DATA EXTRACT START
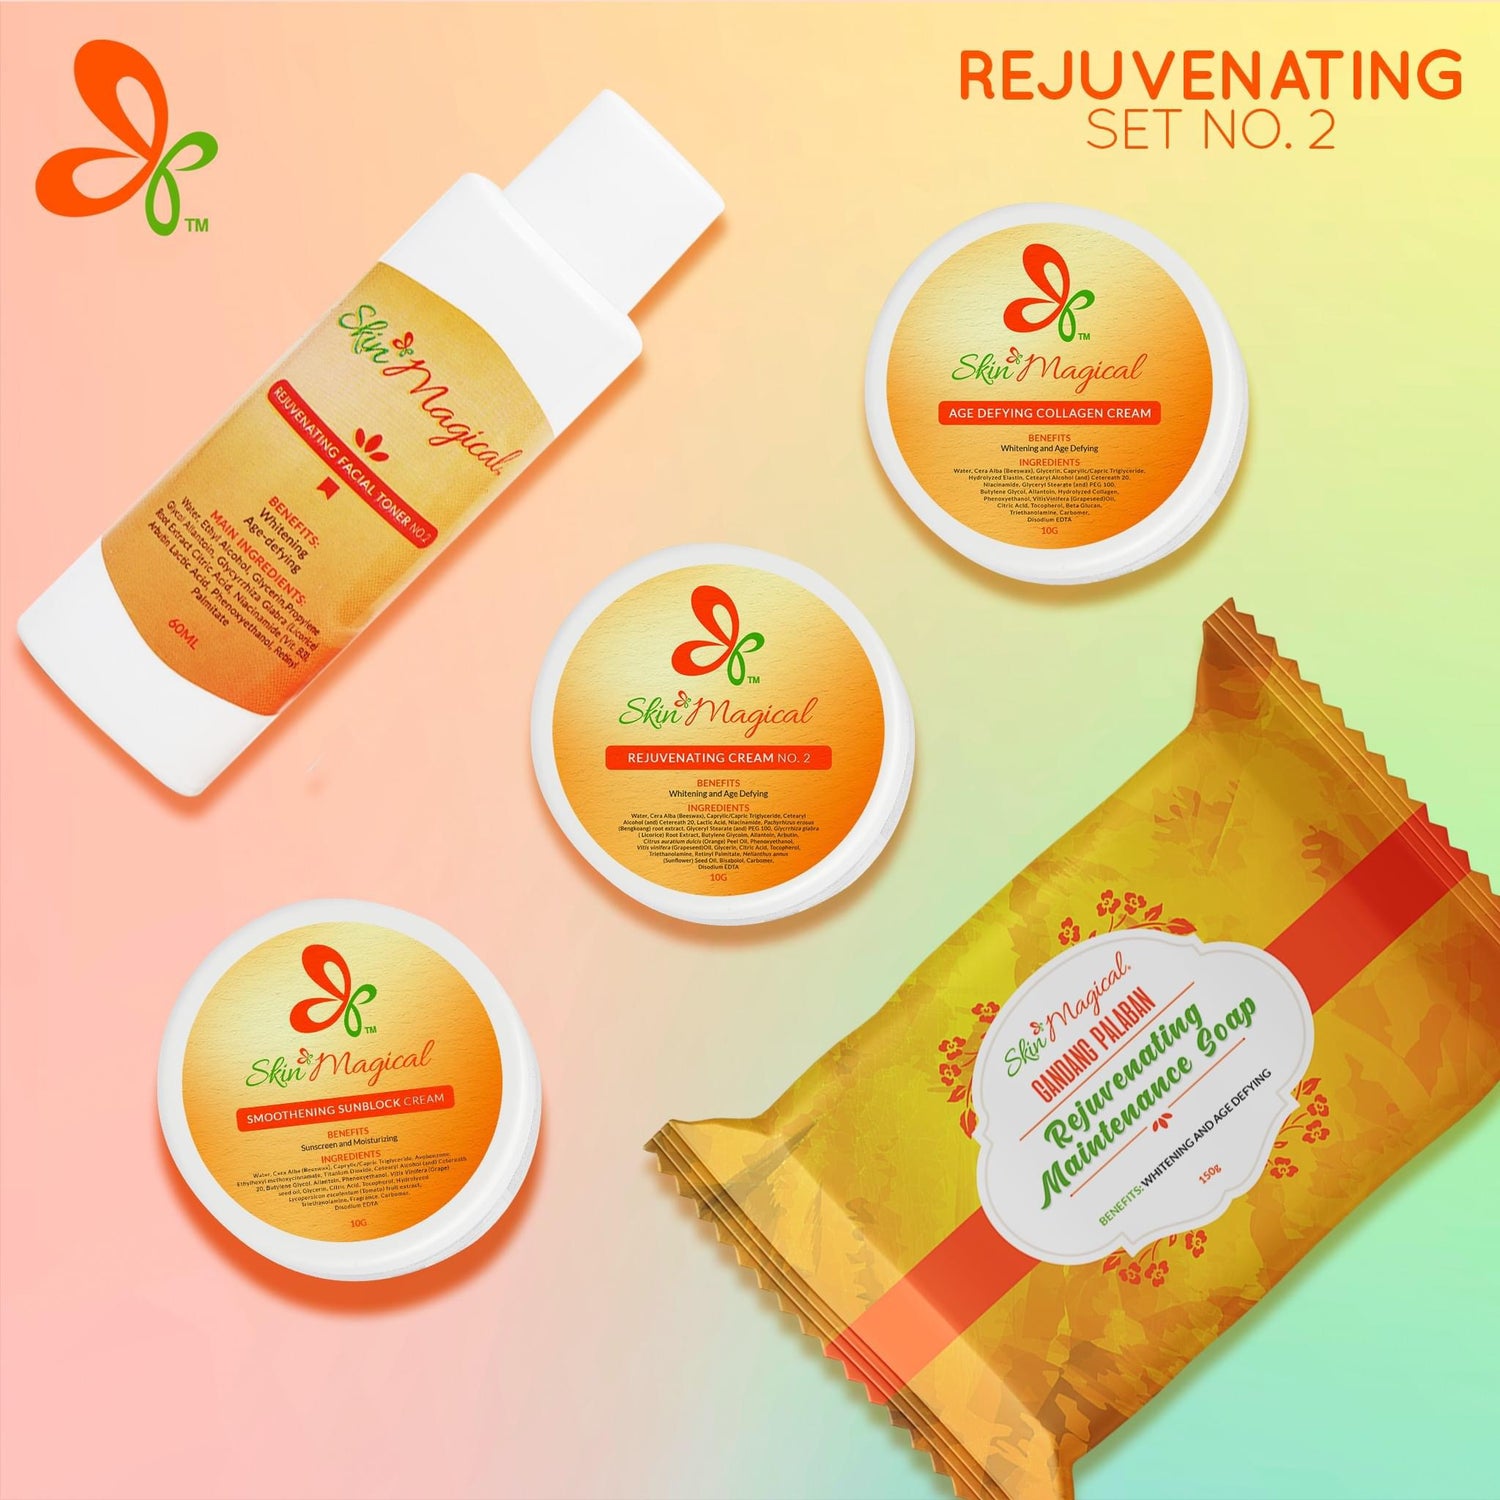 Skin Magical Rejuvenating set 2 - True Beauty Skin Essentials
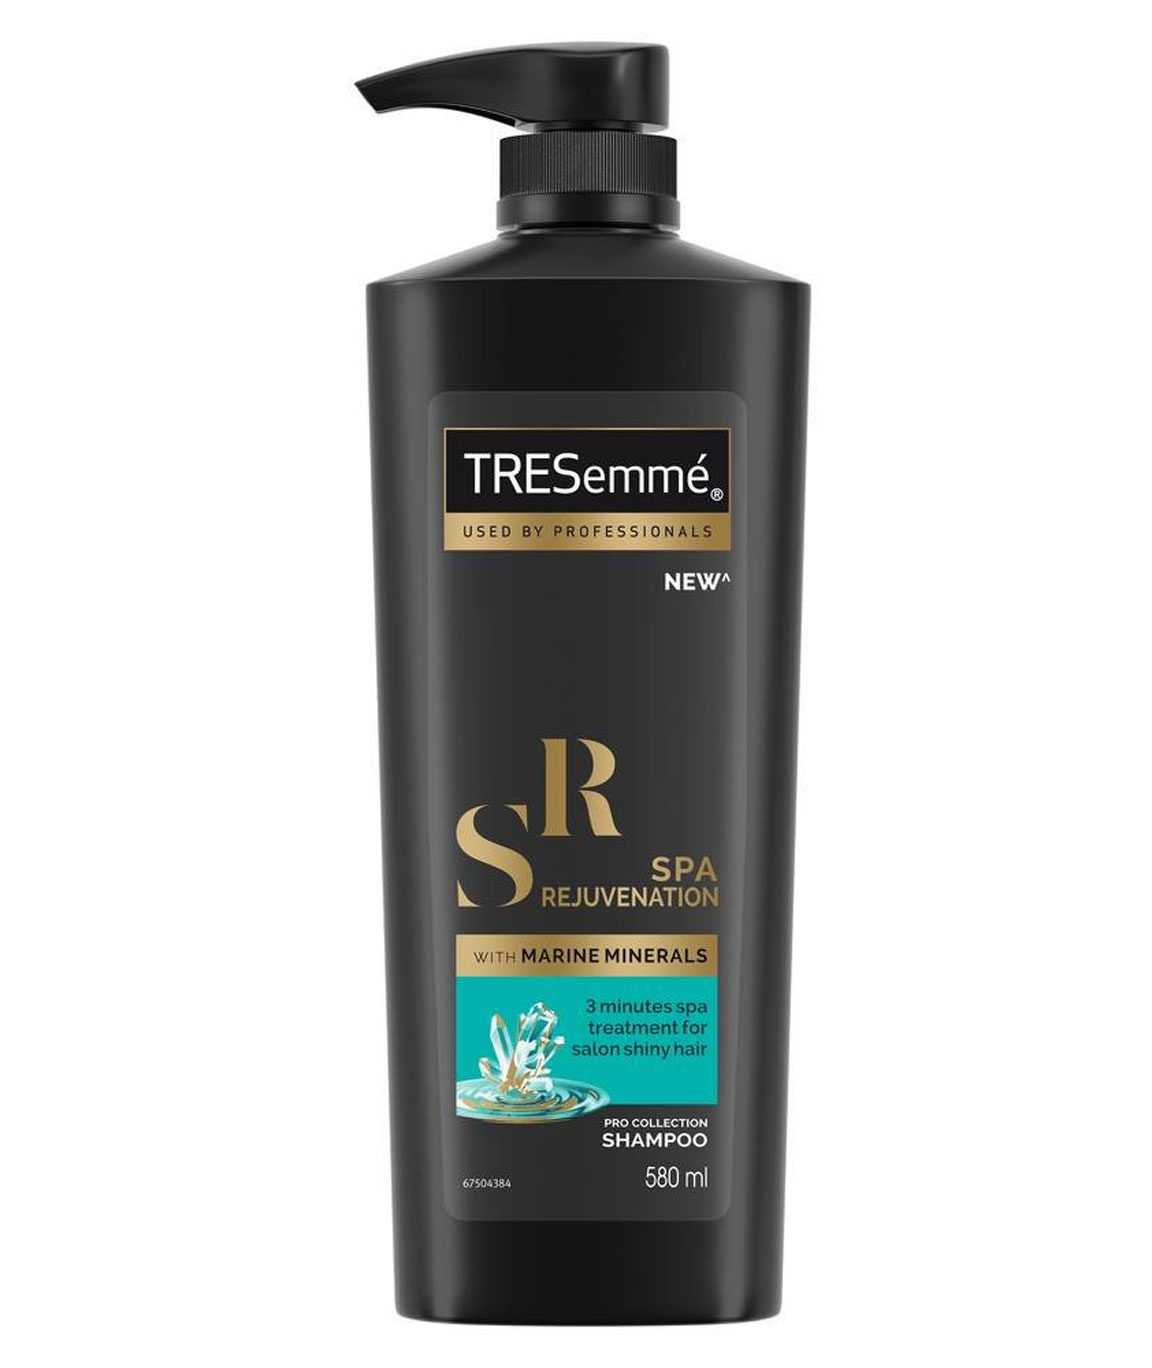 TRESemme Spa Rejuvenation Shampoo, 580ml
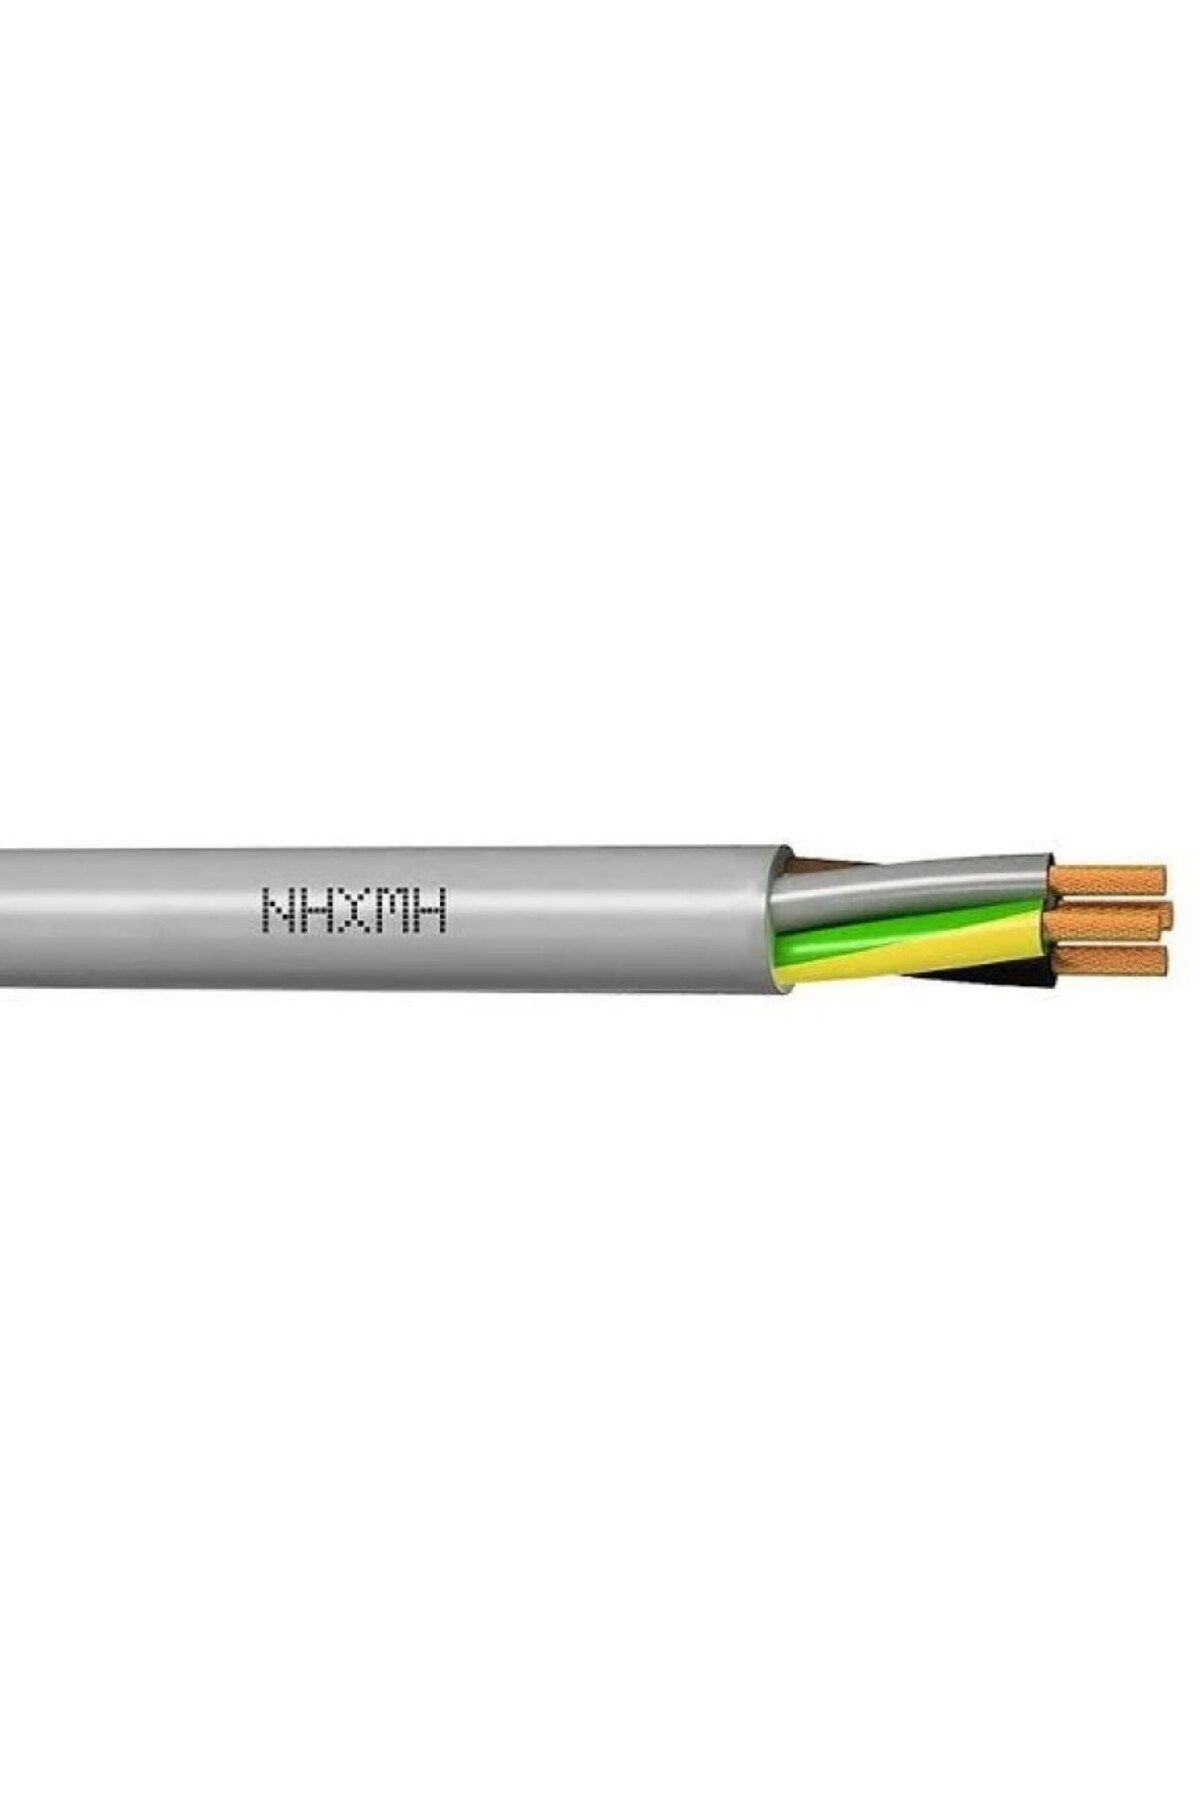 ÖZNUR 70 Metre 5x2.5 NHXMH Halogen Free Kablo Öznur Kablo
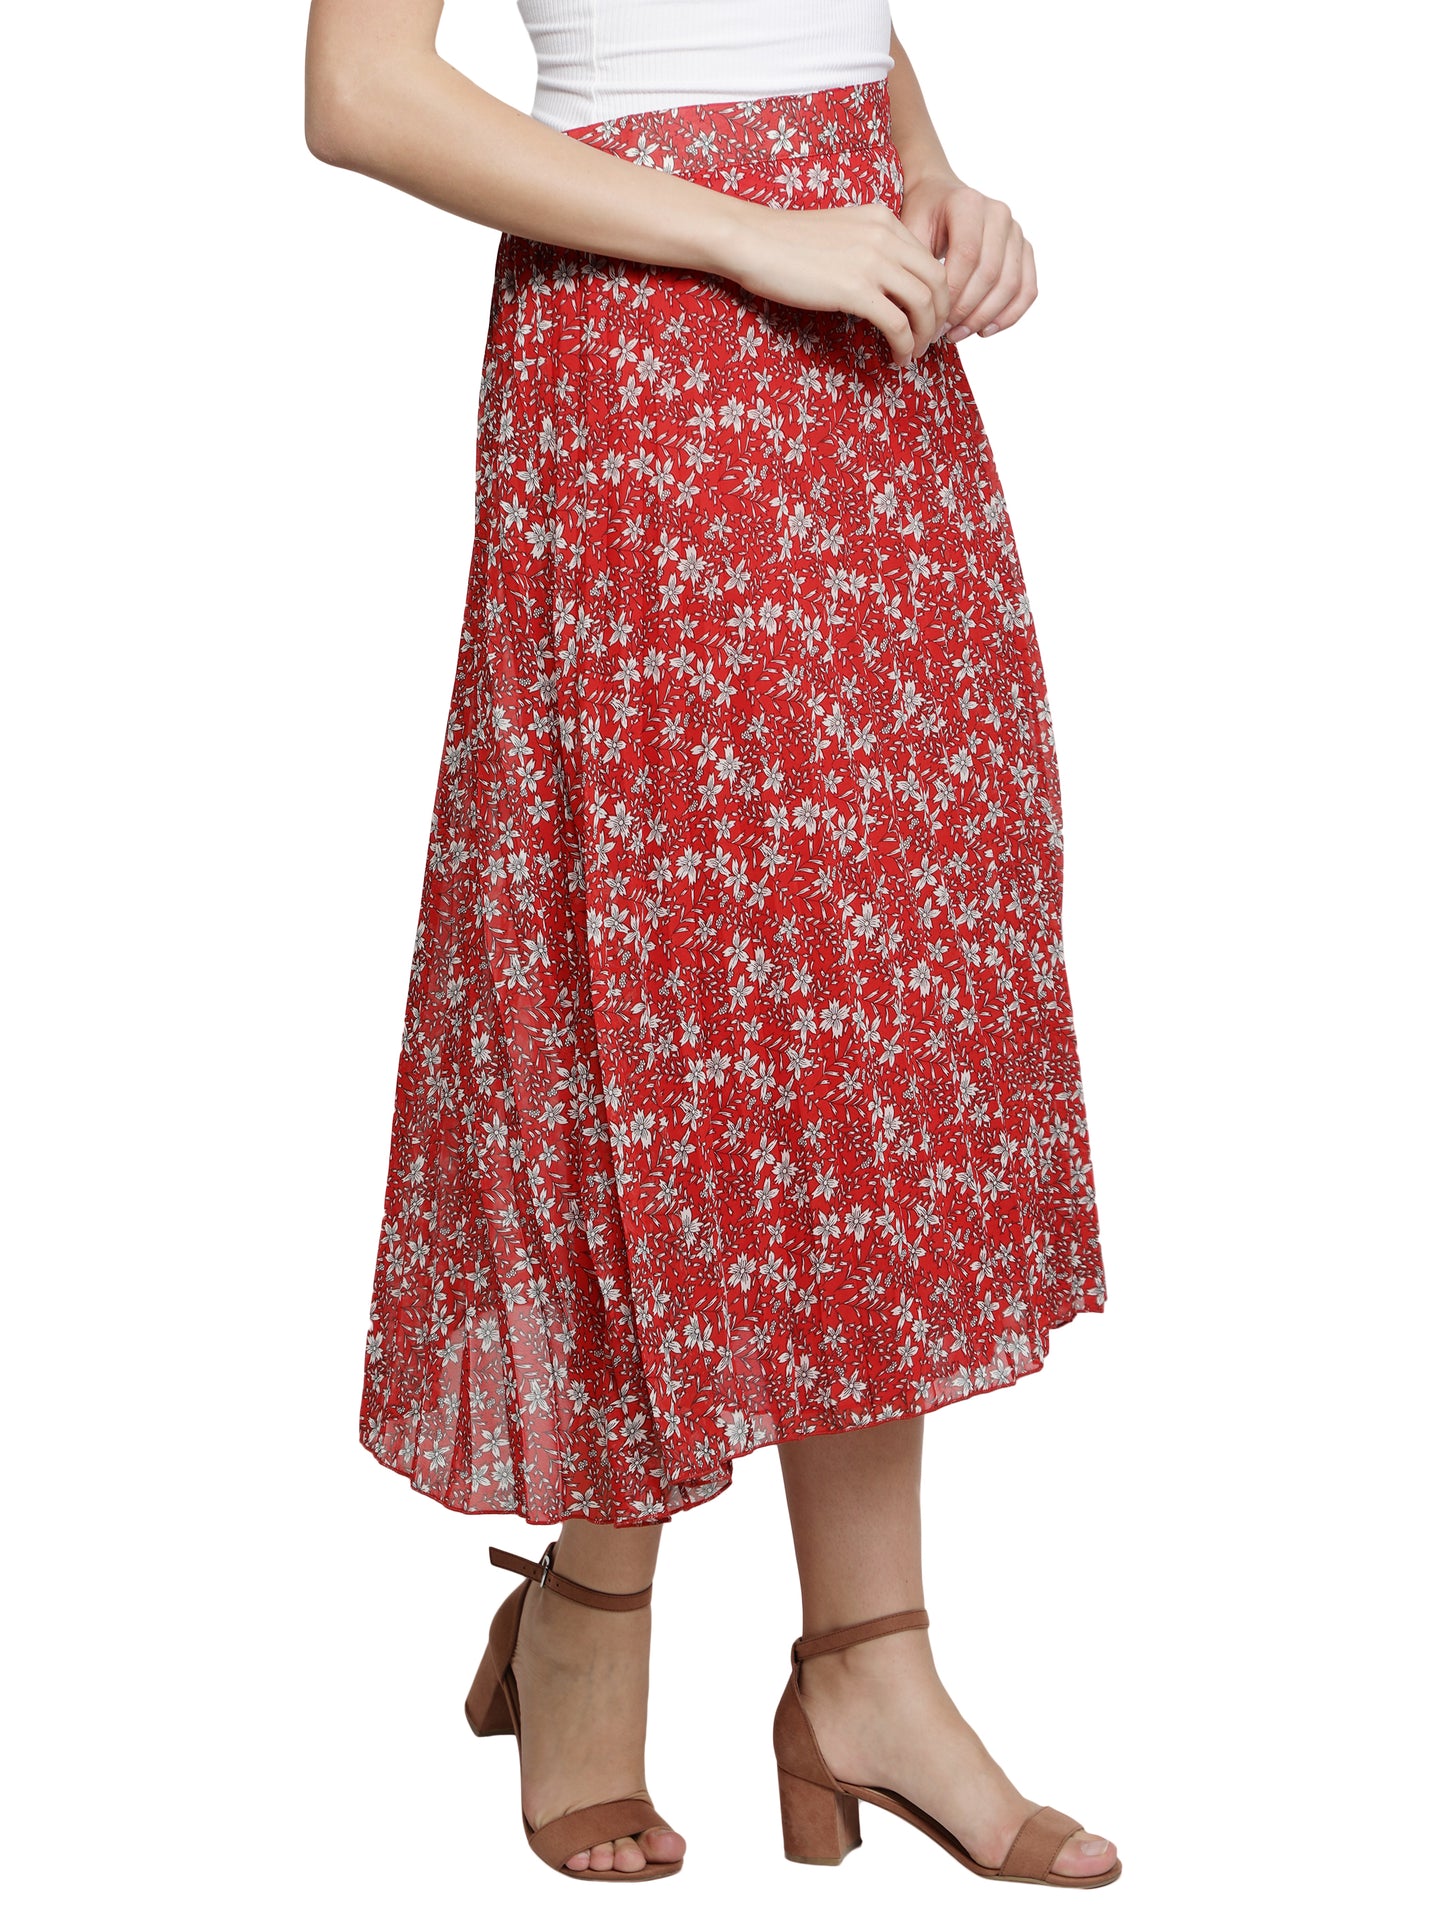 Women Floral Print Pleated Red Skirt freeshipping - NUEVOSDAMAS
DATA EXTRACT END
### WORK ITEM
Print each line from the one containing "ÖZNUR 70 Metre" through the last line of the listing, both included, exactly and with no pictures.

### FINAL ANSWER
 ÖZNUR 70 Metre 5x2.5 NHXMH Halogen Free Kablo Öznur Kablo
 Women Floral Print Pleated Red Skirt freeshipping - NUEVOSDAMAS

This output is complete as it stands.